Kiedy pierwszy raz od kilku lat byłam na zwolnieniu lekarskim, na pewnym portalu poznałam mężczyznę, który mieszka w Anglii i ma polsko-brytyjskie obywatelstwo. Okazało się że pochodzi z moich stron. Szybko nawiązaliśmy kontakt, a po kilku dniach przyjechał do Polski i spotkaliśmy się. Zaiskrzyło i po trzech spotkaniach wiedzieliśmy już, że chcemy być razem. Po miesiącu poleciałam do niego i spędziliśmy ze sobą miło czas. Po powrocie do Polski wszystko już było inne. Byłam szczęśliwa, wiedziałam, że tam jest moja przystań na resztę życia.

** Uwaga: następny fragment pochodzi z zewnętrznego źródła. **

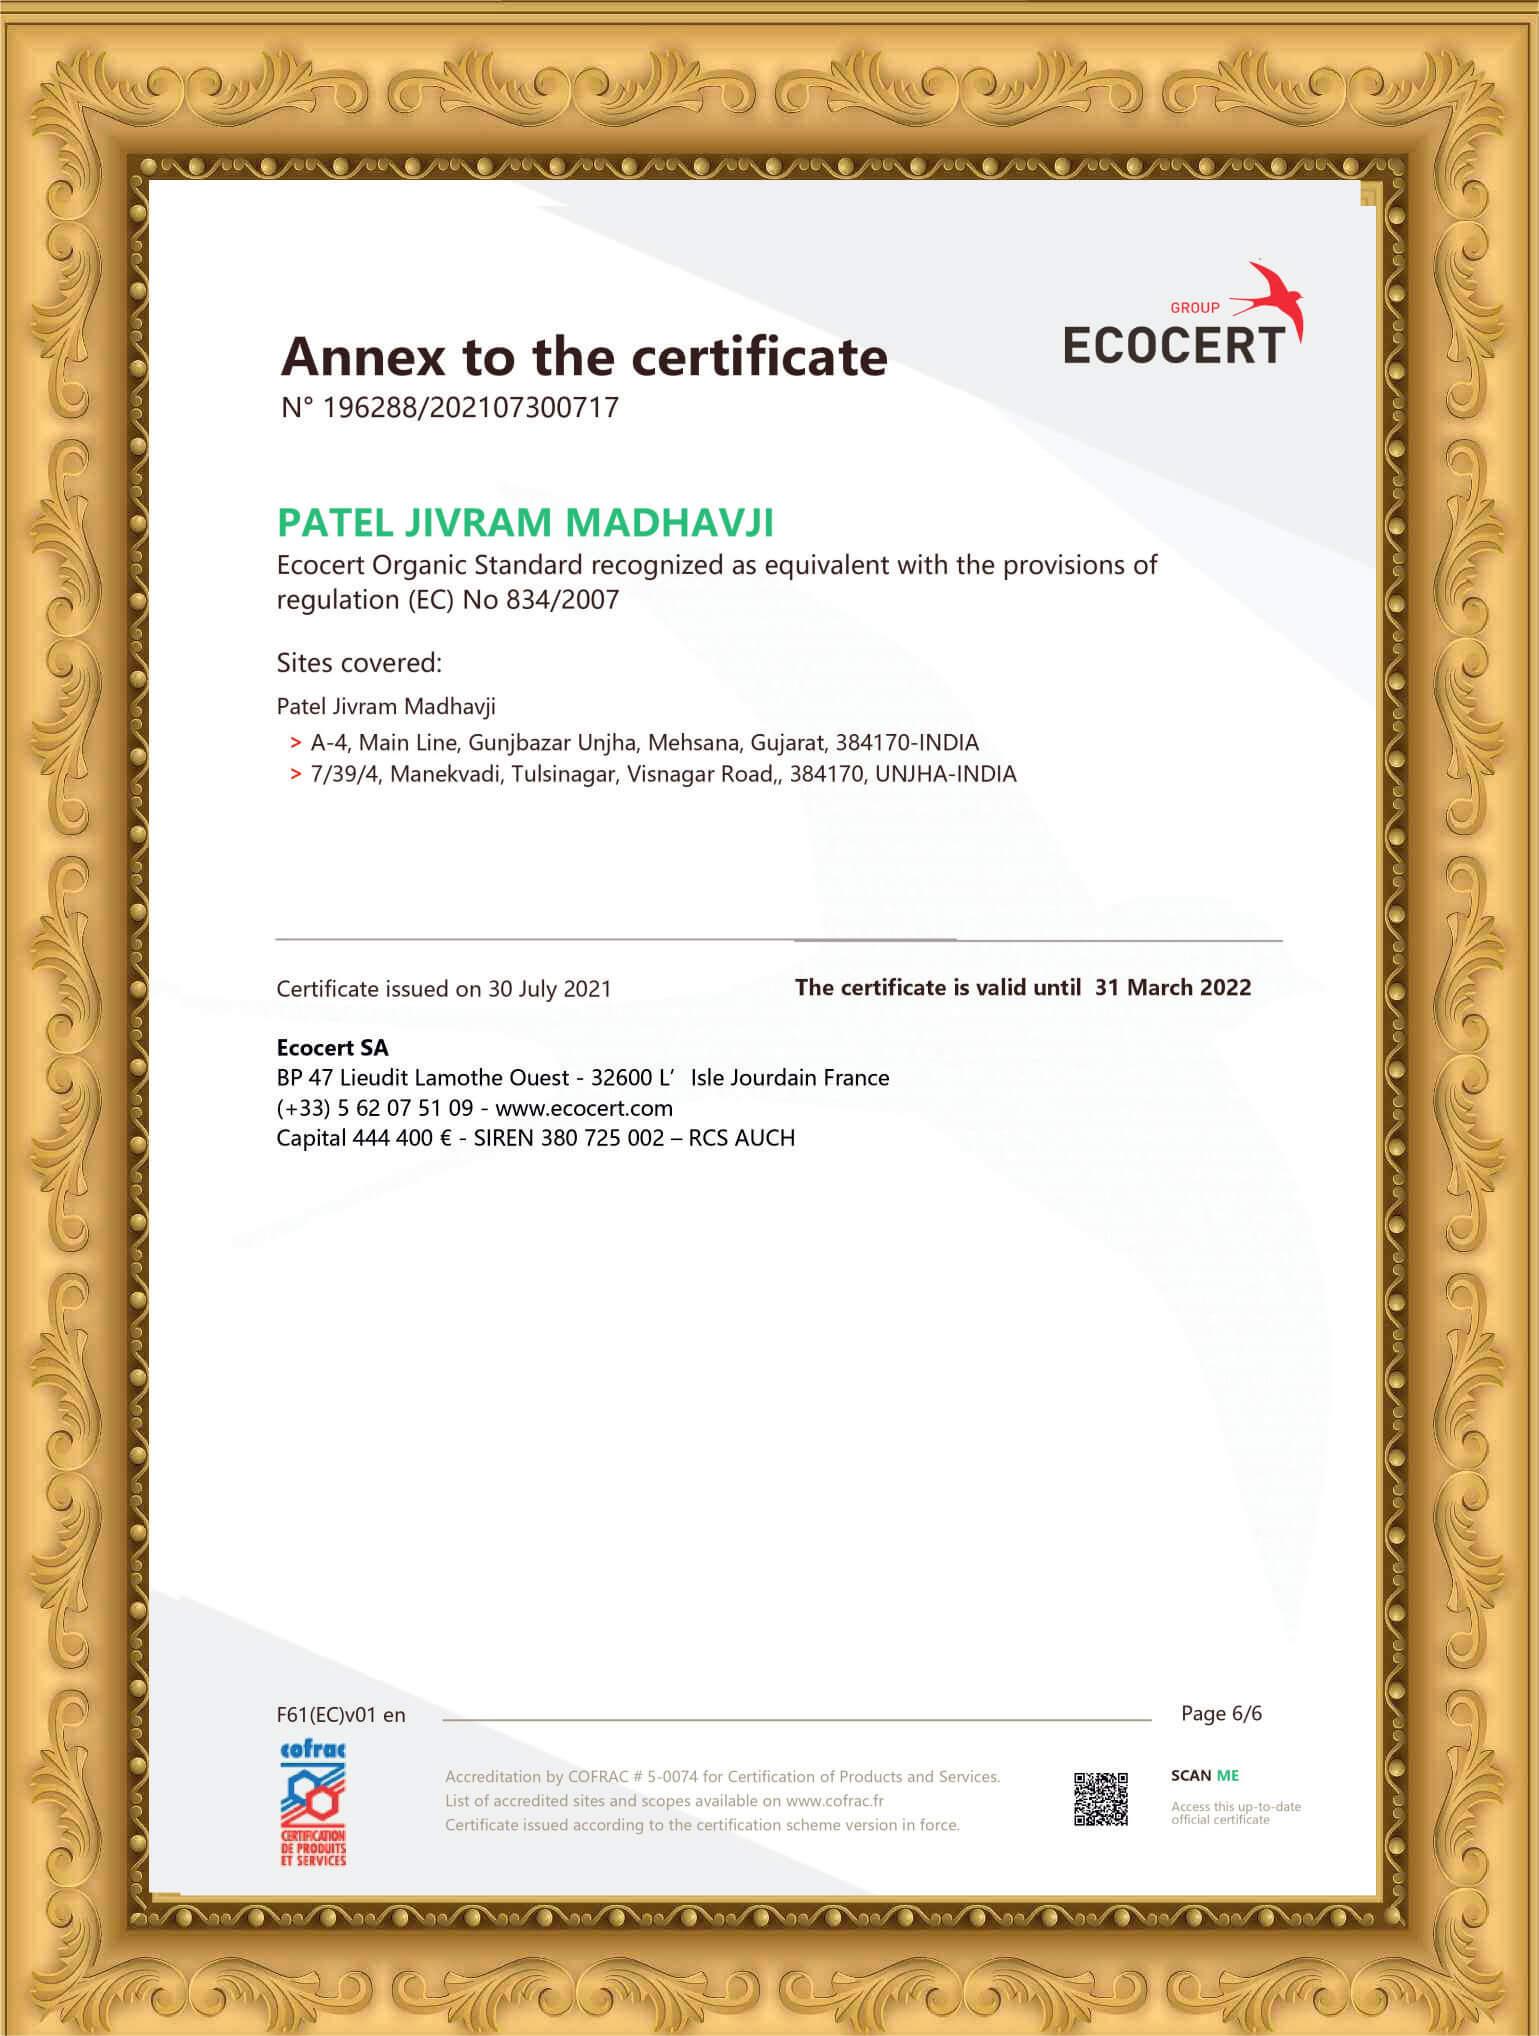 certificate-6-min.jpg

Prawniczka wprowadziła mnie w błąd

Pod koniec lipca 2017 roku mój mężczyzna przyjechał do Polski, żeby zabrać mnie i córkę do Anglii. Wcześniej jeszcze poszliśmy do prawnika, żeby dowiedzieć się, czy na pewno możemy jechać, skoro mój mąż ma ograniczone prawa do dziecka. Pani adwokat powiedziała nam, że możemy – musimy tylko podać adres mojemu byłemu mężowi. Niestety wprowadziła nas w błąd, który później słono nas kosztował. Kiedy mój były mąż zorientował się, że córka jest w Anglii, założył mi sprawę w oparciu o Konwencję Haską, czyli uprowadzenie dziecka do innego kraju.

Córka w Anglii zaczęła szkołę, pokochała mojego partnera i żyliśmy szczęśliwie - aż do czasu tej sprawy w kwietniu tego roku. Córka została przebadana przez angielski ośrodek Cafcass (Usługi Poradnictwa Sądowego i Wsparcia Dzieci i Rodziny), a tam wydano opinię, że mała tęskni za Polską, mimo że powiedziała tylko, że chce zobaczyć się z koleżankami w Polsce. To wystarczyło dla Cafcass-u, żeby wydać opinię, że moja ośmioletnia córka powinna wrócić do kraju.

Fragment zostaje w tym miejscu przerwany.